• TASK BRIEF: Search the entries below for the word "Save" and copy each line that has it.

Stored dataset items:
* * * * * * *
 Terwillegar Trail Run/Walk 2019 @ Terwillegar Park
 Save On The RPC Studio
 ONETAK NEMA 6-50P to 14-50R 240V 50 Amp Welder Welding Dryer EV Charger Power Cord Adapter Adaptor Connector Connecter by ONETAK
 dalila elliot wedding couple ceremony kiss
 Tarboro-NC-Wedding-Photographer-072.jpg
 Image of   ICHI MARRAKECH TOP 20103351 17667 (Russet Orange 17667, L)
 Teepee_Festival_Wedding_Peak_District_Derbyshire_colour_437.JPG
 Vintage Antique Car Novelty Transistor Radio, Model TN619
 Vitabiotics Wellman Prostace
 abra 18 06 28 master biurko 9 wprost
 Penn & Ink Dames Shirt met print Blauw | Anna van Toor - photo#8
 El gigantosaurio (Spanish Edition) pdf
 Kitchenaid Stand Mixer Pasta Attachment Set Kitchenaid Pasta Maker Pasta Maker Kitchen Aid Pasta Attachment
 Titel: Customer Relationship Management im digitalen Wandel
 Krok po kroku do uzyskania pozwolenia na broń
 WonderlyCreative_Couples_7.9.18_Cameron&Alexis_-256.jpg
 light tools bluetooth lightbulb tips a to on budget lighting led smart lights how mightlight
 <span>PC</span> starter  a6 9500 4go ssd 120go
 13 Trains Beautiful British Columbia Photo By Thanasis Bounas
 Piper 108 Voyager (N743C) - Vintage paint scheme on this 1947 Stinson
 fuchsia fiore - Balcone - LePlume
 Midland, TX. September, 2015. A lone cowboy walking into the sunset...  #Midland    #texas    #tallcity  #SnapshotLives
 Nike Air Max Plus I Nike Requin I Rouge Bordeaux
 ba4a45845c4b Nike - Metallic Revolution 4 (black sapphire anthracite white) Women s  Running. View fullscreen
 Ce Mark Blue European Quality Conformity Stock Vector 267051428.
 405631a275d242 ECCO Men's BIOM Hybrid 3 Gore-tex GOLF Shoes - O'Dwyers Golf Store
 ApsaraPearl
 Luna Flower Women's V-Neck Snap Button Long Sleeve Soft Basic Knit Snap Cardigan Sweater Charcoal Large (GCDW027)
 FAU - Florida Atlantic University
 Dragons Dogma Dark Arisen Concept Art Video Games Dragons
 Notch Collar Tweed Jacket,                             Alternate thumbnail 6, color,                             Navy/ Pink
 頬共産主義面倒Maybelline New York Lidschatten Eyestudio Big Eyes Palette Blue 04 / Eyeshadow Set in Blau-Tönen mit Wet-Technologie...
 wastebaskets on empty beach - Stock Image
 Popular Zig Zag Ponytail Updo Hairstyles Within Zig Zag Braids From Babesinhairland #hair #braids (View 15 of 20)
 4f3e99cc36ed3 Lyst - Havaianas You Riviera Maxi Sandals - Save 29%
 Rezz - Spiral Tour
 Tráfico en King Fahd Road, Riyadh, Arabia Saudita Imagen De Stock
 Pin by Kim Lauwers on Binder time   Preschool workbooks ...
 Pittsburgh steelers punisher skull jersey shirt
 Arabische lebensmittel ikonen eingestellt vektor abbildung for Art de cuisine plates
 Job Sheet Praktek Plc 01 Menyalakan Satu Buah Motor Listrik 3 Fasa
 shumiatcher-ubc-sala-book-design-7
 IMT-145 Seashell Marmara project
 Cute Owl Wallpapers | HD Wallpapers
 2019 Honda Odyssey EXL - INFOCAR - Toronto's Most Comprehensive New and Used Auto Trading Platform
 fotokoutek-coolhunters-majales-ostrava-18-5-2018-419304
* * * * * * *
• OUTPUT FOR THIS EXERCISE:
 Save On The RPC Studio
 4f3e99cc36ed3 Lyst - Havaianas You Riviera Maxi Sandals - Save 29%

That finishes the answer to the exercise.